Richard Silverman wrote:
However, this is somehow ineffective, because shortly thereafter all the worker threads block with the following stack:
#0 pthread_cond_wait@@GLIBC_2.3.2 () at ../nptl/sysdeps/unix/sysv/linux/x86_64/pthread_cond_wait.S:162 #1 0x0000000000568f9a in ldap_int_thread_cond_wait (cond=0x7fe190fb9030, mutex=0x7fe190fb8fe0) at thr_posix.c:277 #2 0x000000000056aeee in ldap_pvt_thread_cond_wait (cond=0x7fe190fb9030, mutex=0x7fe190fb8fe0) at thr_debug.c:954 #3 0x000000000043e1b7 in send_ldap_ber (op=0x7fe160129fc0, ber=0x7fe16ae7b460) at result.c:303 #4 0x0000000000441338 in slap_send_search_entry (op=0x7fe160129fc0, rs=0x7fe16affc920) at result.c:1429 #5 0x00000000004c5953 in bdb_search (op=0x7fe160129fc0, rs=0x7fe16affc920) at search.c:1014 #6 0x000000000042daae in fe_op_search (op=0x7fe160129fc0, rs=0x7fe16affc920) at search.c:402 #7 0x000000000042d2f2 in do_search (op=0x7fe160129fc0, rs=0x7fe16affc920) at search.c:247 #8 0x000000000042a4b7 in connection_operation (ctx=0x7fe16affca00, arg_v=0x7fe160129fc0) at connection.c:1150 #9 0x00000000005679f3 in ldap_int_thread_pool_wrapper (xpool=0x1008e90) at tpool.c:688 #10 0x000000000056a493 in ldap_debug_thread_wrapper (arg=0x7fe1740015c0) at thr_debug.c:770 #11 0x00000039e3407851 in start_thread (arg=0x7fe16affd700) at pthread_create.c:301 #12 0x00000039e2ce811d in clone () at ../sysdeps/unix/sysv/linux/x86_64/clone.S:115
(This is with thread debugging enabled.) They are blocked here, again in send_ldap_ber():
while ( conn->c_writers > 0 && conn->c_writing ) { ldap_pvt_thread_cond_wait( &conn->c_write1_cv, &conn->c_write1_mutex ); }
The problem is that they are *all* here; there is no one left to signal that condition variable, so slapd locks up forever.
Please post the entire stack trace for all threads. Since we have c_writers = 8, c_writing = 1, c_writewaiter = 1
then one of the threads ought to be blocked on the write2_cv (result.c:373). That implies that they're still waiting for epoll() to say that the socket is writable.
Richard Silverman wrote:
Hello,
I’m working on this bug:
http://www.openldap.org/lists/openldap-bugs/201206/msg00026.html
If slapd client connections are torn down in mid-query -- the server has received the query and has a pending reply to send, but the connection is closed by the client before it can be sent -- this deadlocks slapd worker threads. Eventually all threads are deadlocked in send_ldap_ber() which serializes their network access to send PDUs, and the server becomes unresponsive and has to be killed.
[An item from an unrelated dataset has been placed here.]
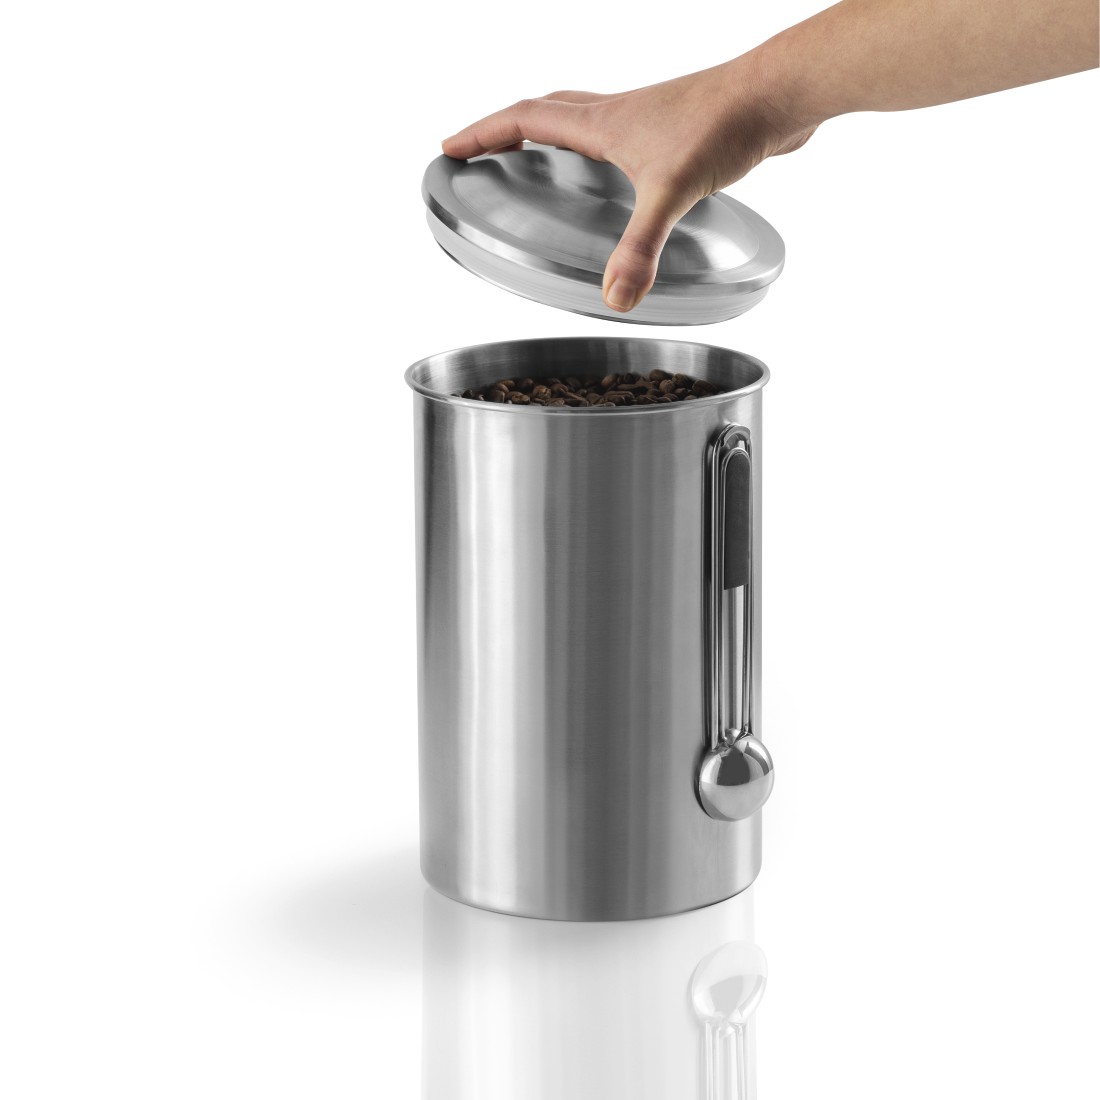 awx3 Druckfähige Anwendung 3 - Xavax, Edelstahldose für 1 kg Kaffeebohnen, mit Löffel, Silber

send_ldap_ber() notices the connection drop and calls connection_closing(). The problem appears to be that then connection_abandon() abandons all outstanding executing ops, but does not empty the c_ops queue (as it does with c_pending_ops). When connection_close() looks at the connection, it always sees there are outstanding ops and defers the close. I see this pattern:
50cb3104 connection_closing: readying conn=1519 sd=33 for close
50cb3104 connection_close: deferring conn=1519 sd=33 50cb3104 connection_resched: attempting closing conn=1519 sd=33 50cb3104 connection_close: deferring conn=1519 sd=33 50cb3104 connection_resched: attempting closing conn=1519 sd=33
... which repeats until the server freezes entirely.
If I add code to connection_abandon() to empty c_ops, it causes slapd to crash later with a mutex usage error, so that's apparently not the right place/way to do it. If I note that the connection is dying and have connection_destroy() skip the assertion that c_ops must be empty, it fixes the bug: the deadlock no longer occurs. However, I'm concerned this will leak memory as the ops aren't being freed. So my question is: what's the right way to get the outstanding executing ops abandoned by connection_abandon() to be freed?
Looks to me like the correct solution is to add another check for op->o_abandon in send_ldap_ber() before waiting again on the write1_cv. Decrement c_writers and bail out if so.